Figure 1. Hcys-induced activation of NALP3 inflammasomes in cultured podocytes

A. RT-PCR gel document showing the expression of NALP3, ASC, and caspase-1 in cultured podocytes. B. Immunocytochemical staining of NALP3, ASC, and caspase-1 in podocytes (original magnification, ×100). C. mRNA expression of NALP3, ASC, and caspase-1 in podocytes with or without stimulation of L-Hcys (n=6). D. Elution profile of proteins (optical density at 280 nm) from podocytes by SEC. The molecular mass scale was determined using a wide range of molecular mass standard. ST=standard. E. SDS-PAGE of proteins fractions via SEC from control and Hcys-treated podocytes that were probed with anti-NALP3, ASC, or casapse-1 antibodies, respectively. F. Representative confocal microscopic images showing colocalization of NALP3 (green) with ASC (red) or NALP3 (green) with caspase-1 (red, Casp-1) in podocytes (original magnification, ×400). OL=overlay. * P<0.05 vs. control.

Figure 2. Effects of ASC gene silencing and caspase-1 inhibition on inflammasome activation and functional changes in podocytes

A. Representative confocal microscopic images showing colocalization of NALP3 (green) with ASC (red) or caspase-1 (red, Casp-1) in podocytes (original magnification, ×400), OL=overlay. B. Caspase-1 activity. C. IL-1β production. D. VEGF-A secretion in podocytes with or without treatment of L-Hcys and/or ASC shRNA and caspase-1 inhibitor. Ctrl: control; Veh: vehicle; Scra: scrambled siRNA; Casp-1: Caspase-1; WEHD: Z-WEHD-FMK, n=5. * P<0.05 vs. control; # P<0.05 vs. Hcys.

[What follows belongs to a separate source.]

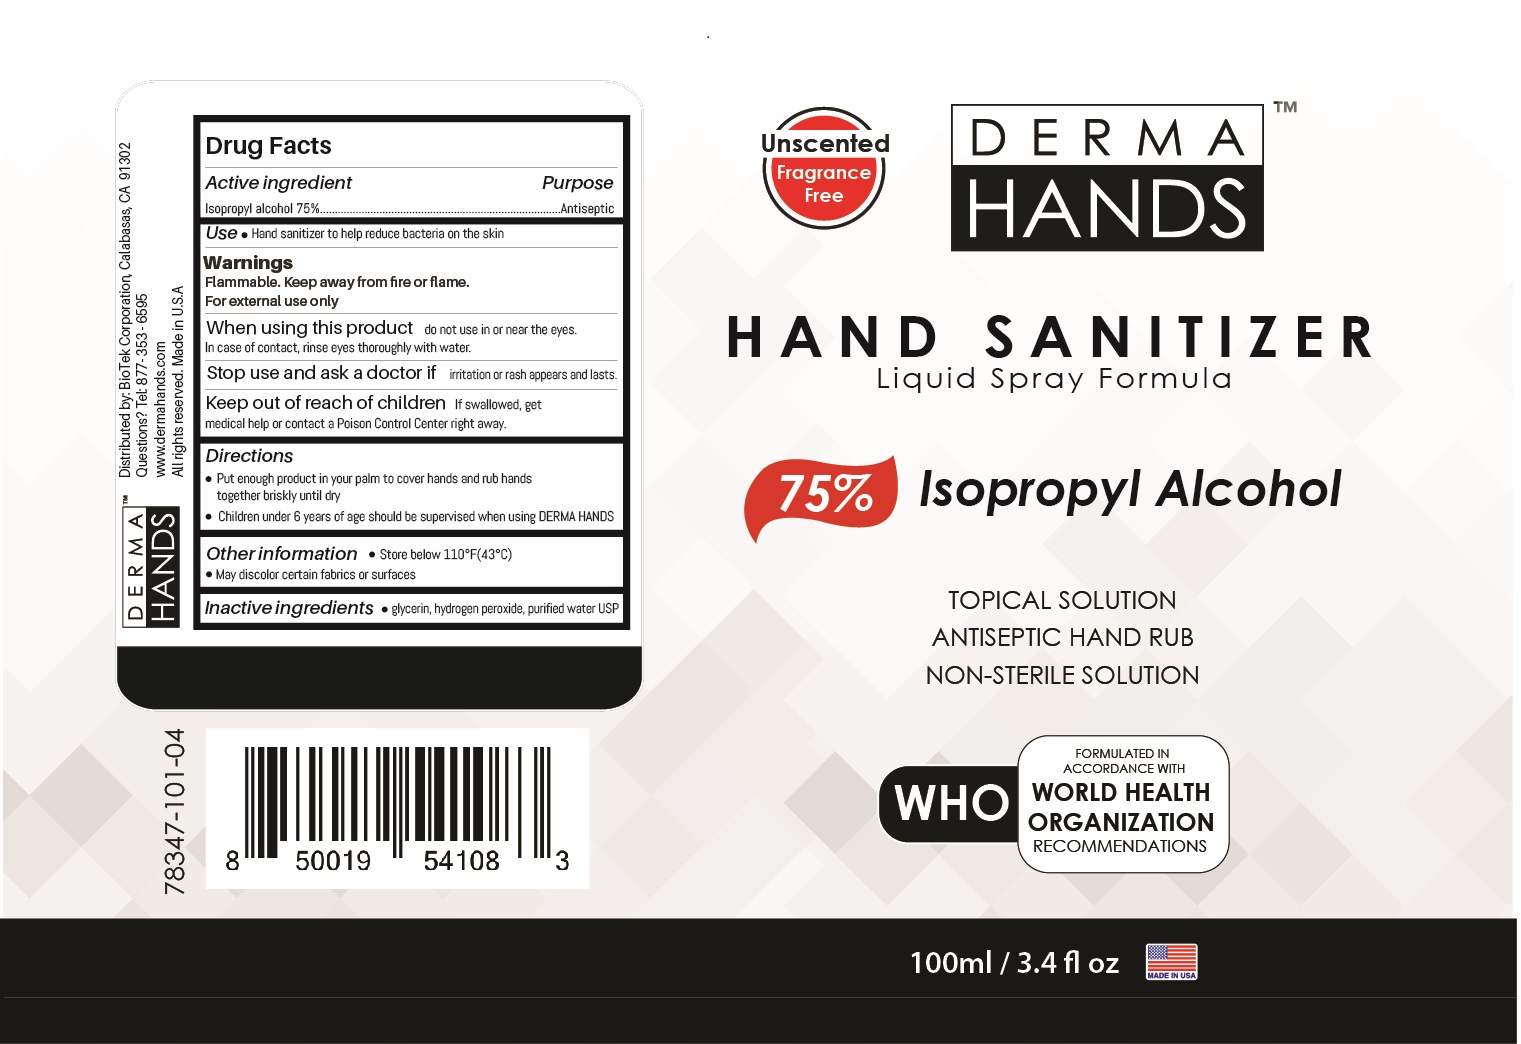 Derma Hands Hand Sanitizer

Figure 3. Formation and activation of podocyte NALP3 inflammasomes during hHcys in mice

A. Colocalization of NALP3 (green) with ASC (red) or caspase-1 (red) in mouse glomeruli on the normal diet or folate free diet (FF diet). Casp-1: Caspase-1. B. Summarized data showing the fold changes in PCC for the colocalization of NALP3 with ASC or caspase-1 (n=6). C. Colocalization of podocin (red) with NALP3 (green) or caspase-1 (green) in mouse glomeruli. D. Summarized data showing the fold changes in PCC for the colocalization of podocin with NALP3 or caspase-1 (n=6). E. Caspase-1 activity, F. IL-1β concentrations in mouse glomeruli (n=6) * P<0.05 vs. 0 week.

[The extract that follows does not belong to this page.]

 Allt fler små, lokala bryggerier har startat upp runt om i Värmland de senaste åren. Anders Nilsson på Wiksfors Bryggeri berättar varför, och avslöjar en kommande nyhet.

Figure 4. Effects of ASC shRNA or caspase-1 inhibition on podocyte inflammasome formation and activation during hHcys

A. Colocalization of NALP3 (green) with ASC (red) or caspase-1 (red) in mouse glomeruli. B. Summarized data showing the fold changes in PCC for the colocalization of NALP3 with ASC or caspase-1 (n=6). C. Caspase-1 activity in different groups of mice (n=6). D. IL-1β production in mouse glomeruli (n=6 per group). N Diet: Normal Diet; Casp-1: Caspase-1; Scra: Scrambled shRNA-transfected; ASC sh: ASC shRNA-transfected. *P<0.05, vs. scrambled shRNA-transfected mice on the N diet; # P<0.05, vs. scrambled shRNA-transfected mice on the FF diet.

Figure 5. Effects of ASC gene silencing and caspase-1 inhibition on hHcys-induced glomerular damage

A. Urinary albumin excretion in 6 groups of mice as indicated (n=8 per group). B. PAS staining showing glomerular morphological changes (original magnification, ×400). C. Summarized data of glomerular damage index in 6 different groups of mice (n=6 per group). D. ASC gene silencing and caspase-1 inhibition improved podocyte ultrastructure in FF diet-treated mice as shown by TEM examination. Arrow denotes the area of foot process effacement in WT mice on the FF diet (n=3). Original magnification: ×8,000.